Affiliation: Department of Anaesthesiology and Intensive Care Medicine II, Leipzig Heart Center, University of Leipzig, Struempellstrasse 39, 04289 Leipzig, Germany. joerg.ender@medizin.uni-leipzig.de

ABSTRACT

Aims: We sought to investigate the additional value of real-time three-dimensional transoesophageal echocardiography (RT 3D TOE)-guided sizing for predicting annuloplasty ring size during mitral valve repair.

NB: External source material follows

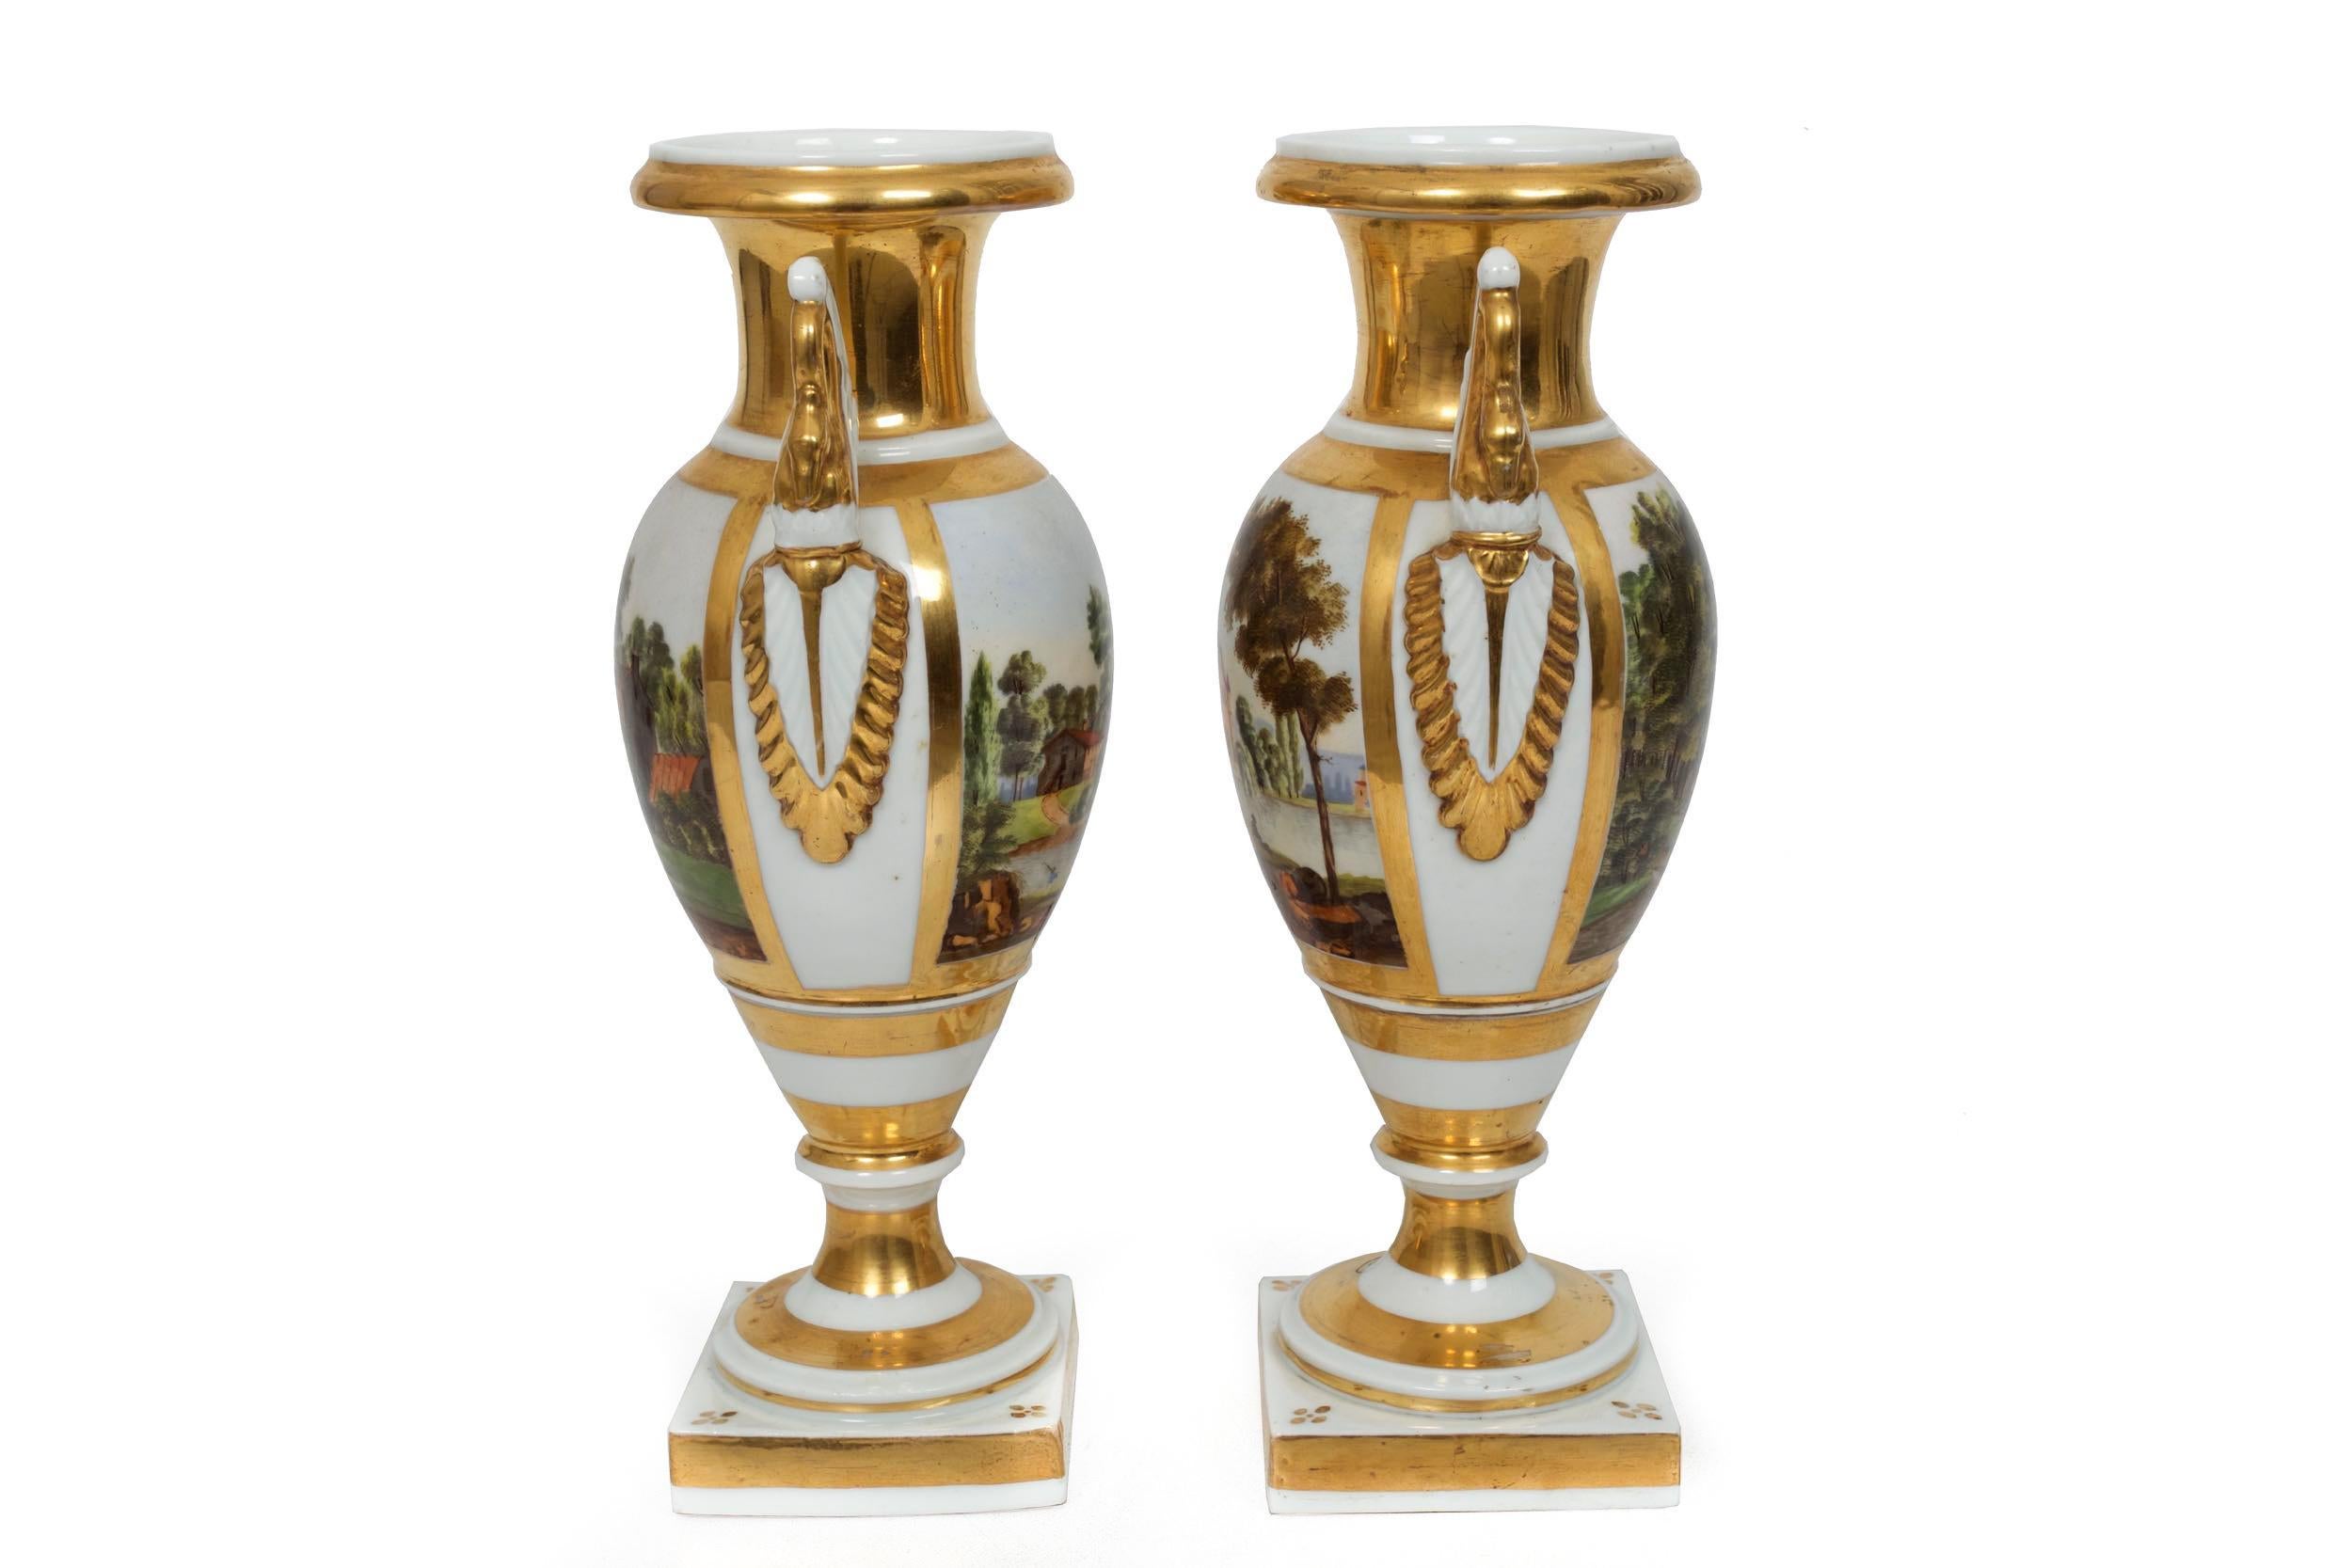 Hand-Painted Pair of French Parisian Painted Porcelain Swan-Form Vases, 19th Century

Methods and results: In 53 patients undergoing elective mitral valve repair, an RT 3D TOE was performed pre- and post-operatively. The digitally stored loops were imported into a software for mitral valve assessment. The annuloplasty ring size was predicted by superimposing computer-aided design (CAD) models of annuloplasty rings onto Live 3D zoom loops, measurement of the intercommissural distance, or the height of the anterior mitral leaflet. The surgeon implanted the annuloplasty ring according to the usual surgical technique and was blinded to the echocardiographic measurement results. Pre-operative correlation between the selected ring size with mitral valve assessment and the actual implanted annuloplasty ring size was 0.91. The correlation for measurement of the intercommissural distance was 0.55 and for measurement of the height of the anterior mitral leaflet 0.75. The post-operative correlation with the actual implanted ring size was 0.96 for mitral valve assessment, 0.92 for intercommissural distance, and 0.79 for the anterior mitral leaflet height.

Conclusion: Superimposition of annuloplasty ring CAD models on the Live 3D zoom loops of the mitral valve using mitral valve assessment is superior to two-dimensional measurements of the intercommissural distance or the height of the anterior mitral leaflet in predicting correct annuloplasty ring size.